START Input records

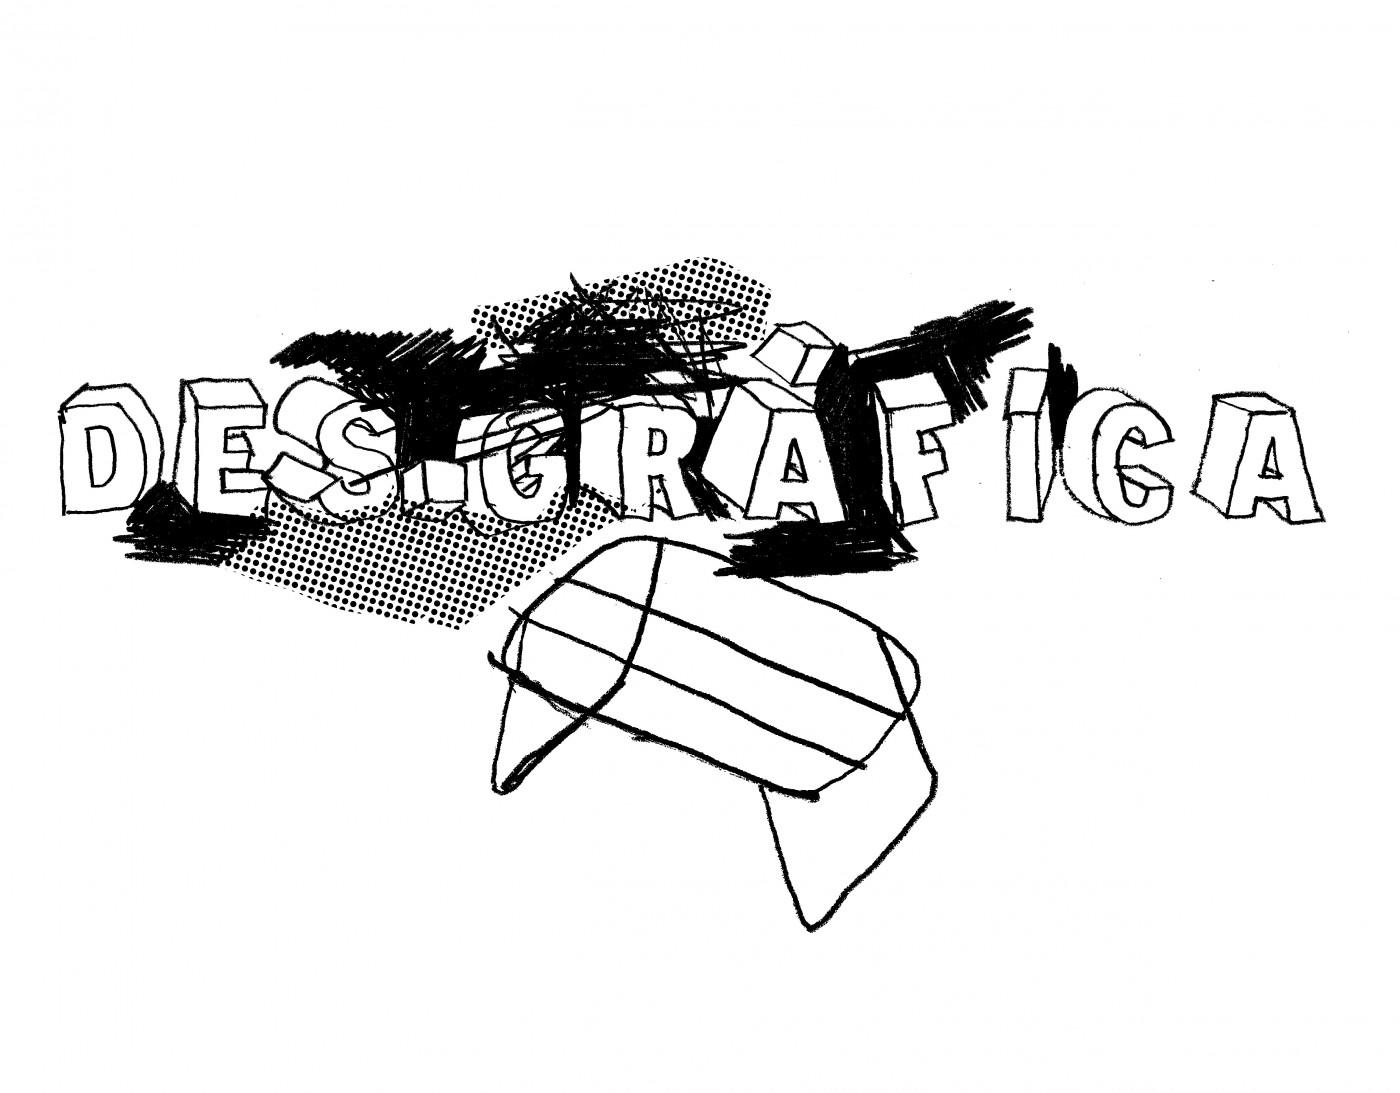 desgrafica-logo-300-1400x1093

END Input records
START Input records

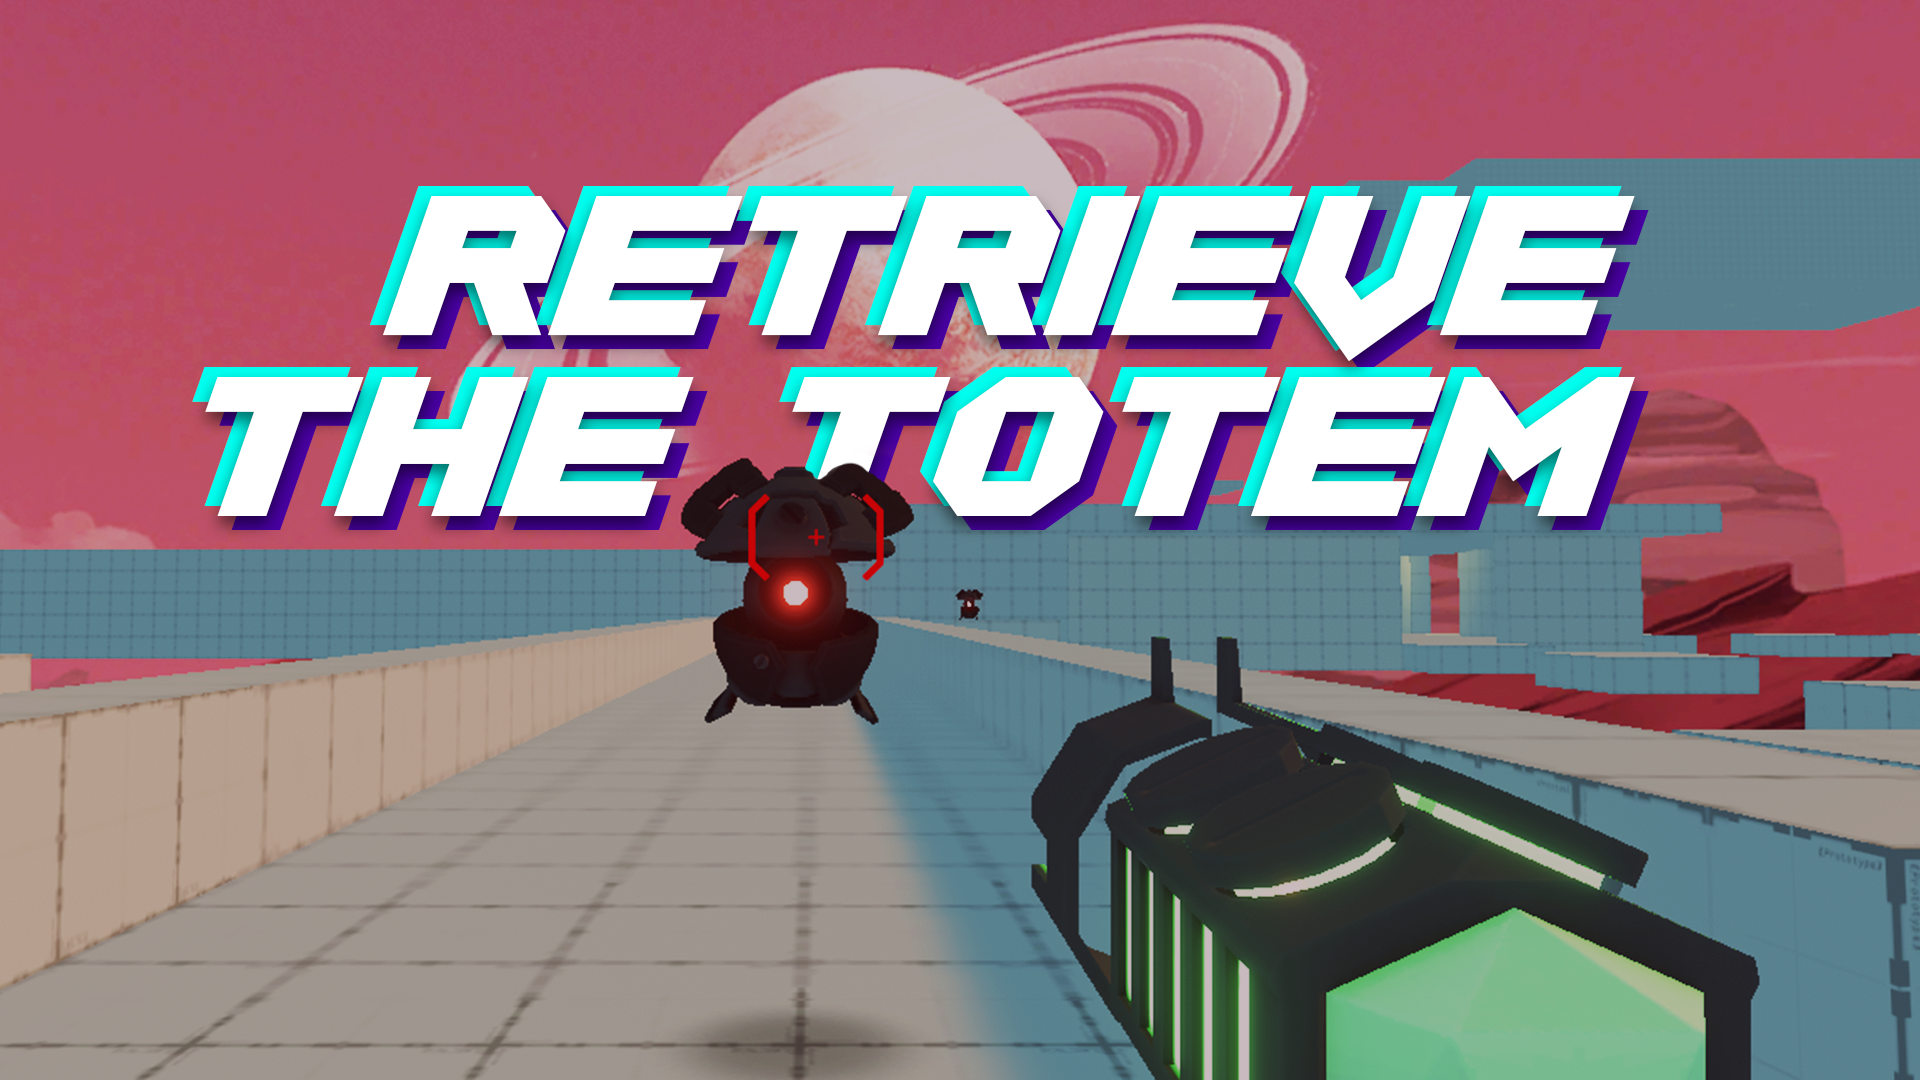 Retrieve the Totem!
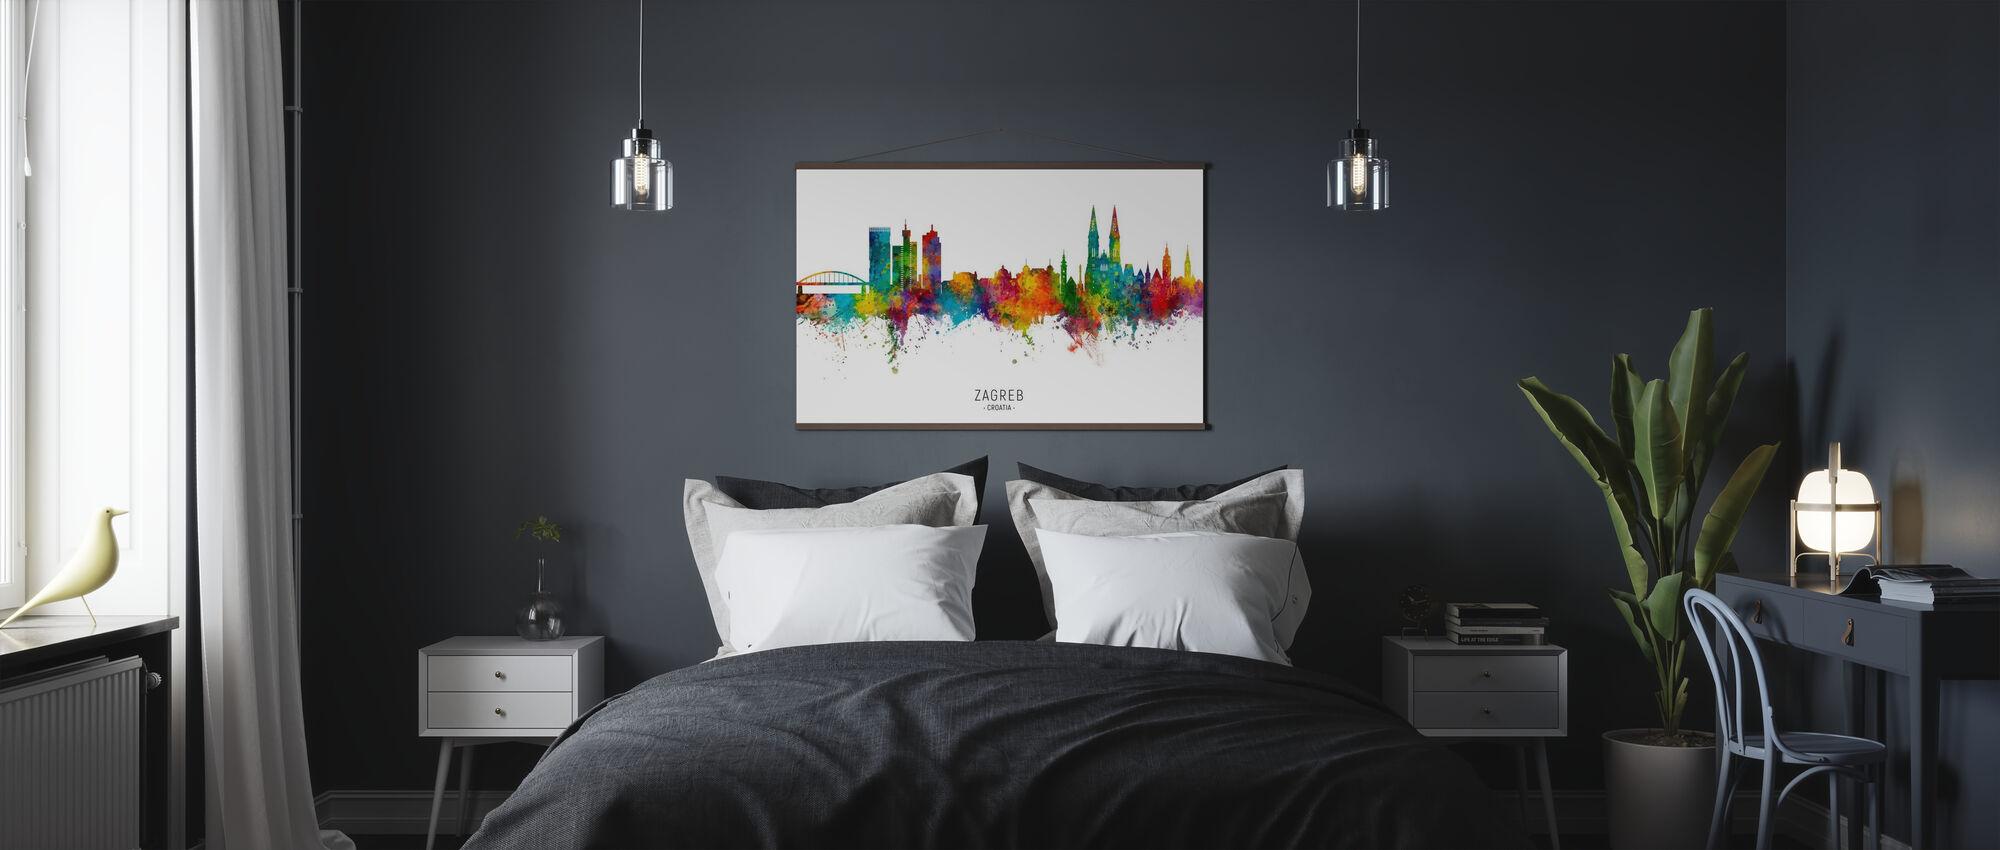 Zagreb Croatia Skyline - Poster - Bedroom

END Input records

### Exercise aim
Above are some records; extract exactly the lines from the one containing "Retrieve the Totem!" through the one containing "Zagreb Croatia Skyline - Poster - Bedroom" and drop the pictures.

### Task output
 Retrieve the Totem!
 Zagreb Croatia Skyline - Poster - Bedroom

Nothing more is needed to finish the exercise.